**TASK DIRECTIONS:** Everything in the records below from the line containing "فوری/ بازگشایی مدارس از اول مهر" through the line containing "長財布 M30297 コバルト" is to be reproduced exactly, those two lines included; no picture is to be copied.

**DATA:**
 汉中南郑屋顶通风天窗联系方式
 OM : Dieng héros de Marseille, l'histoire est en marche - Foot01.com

--

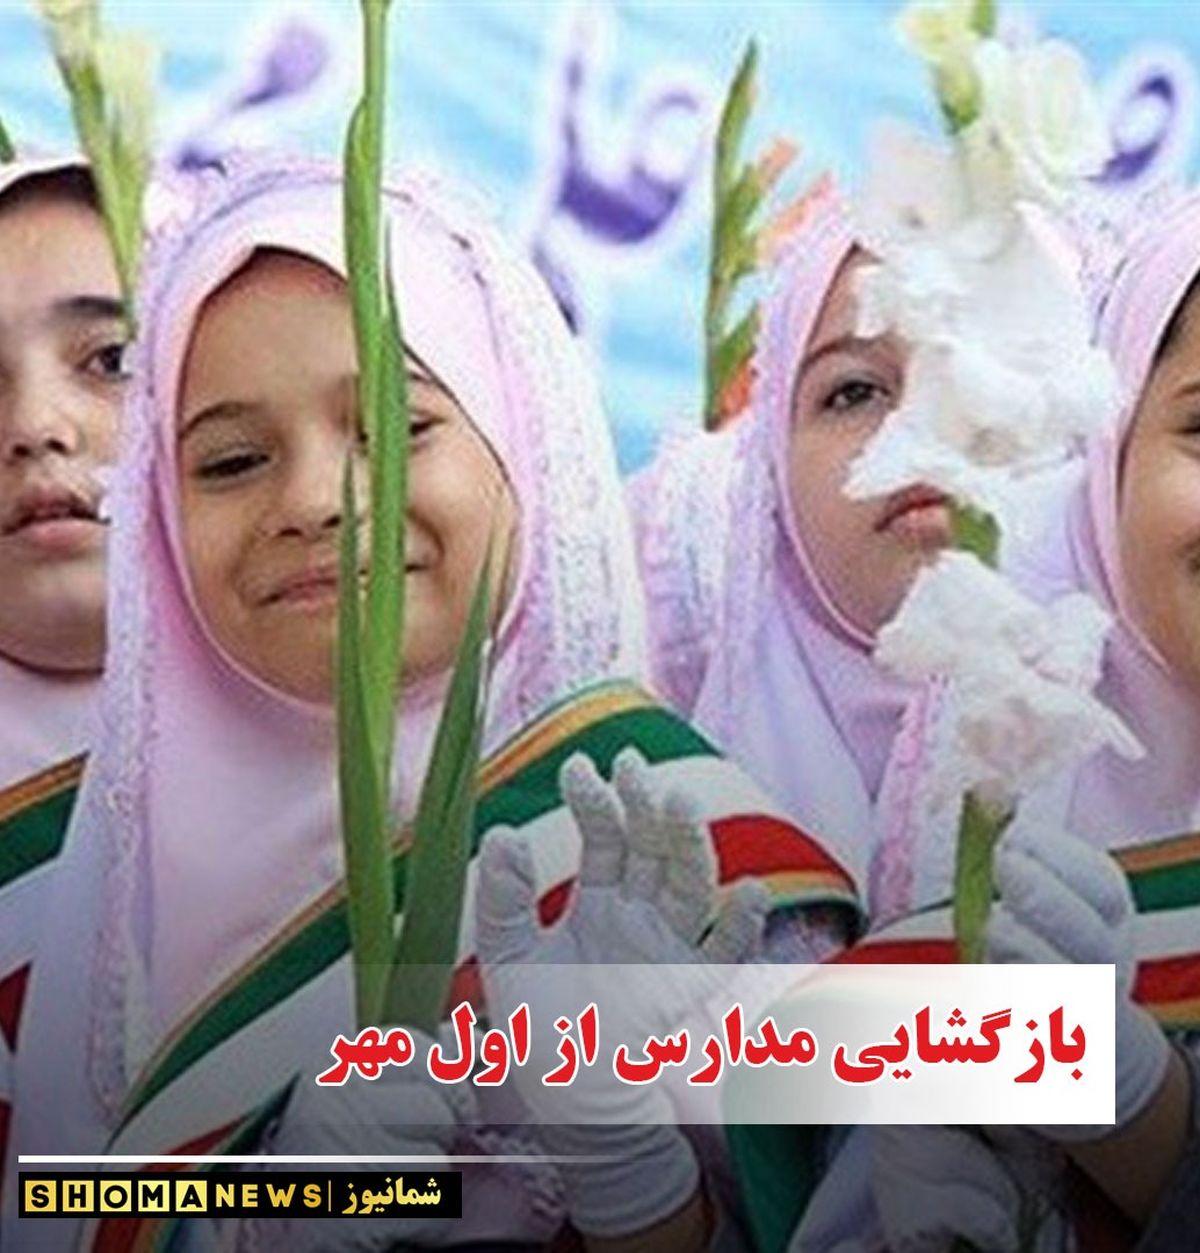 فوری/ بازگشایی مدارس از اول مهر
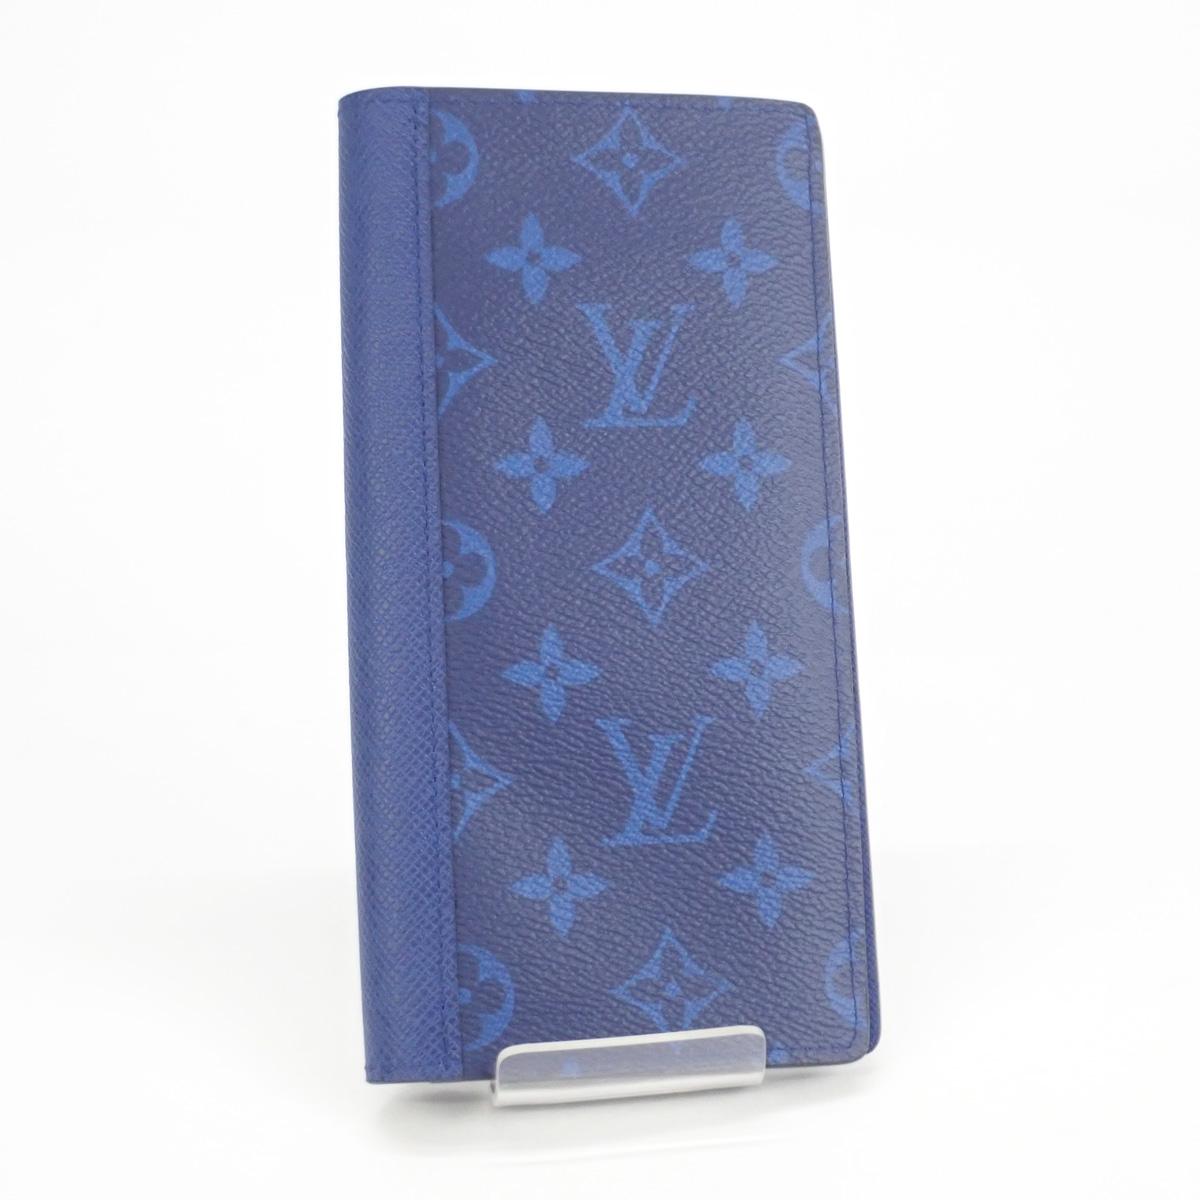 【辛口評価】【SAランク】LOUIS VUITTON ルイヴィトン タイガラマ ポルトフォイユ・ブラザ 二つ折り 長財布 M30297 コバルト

**EXERCISE SOLUTION:**
 فوری/ بازگشایی مدارس از اول مهر
 【辛口評価】【SAランク】LOUIS VUITTON ルイヴィトン タイガラマ ポルトフォイユ・ブラザ 二つ折り 長財布 M30297 コバルト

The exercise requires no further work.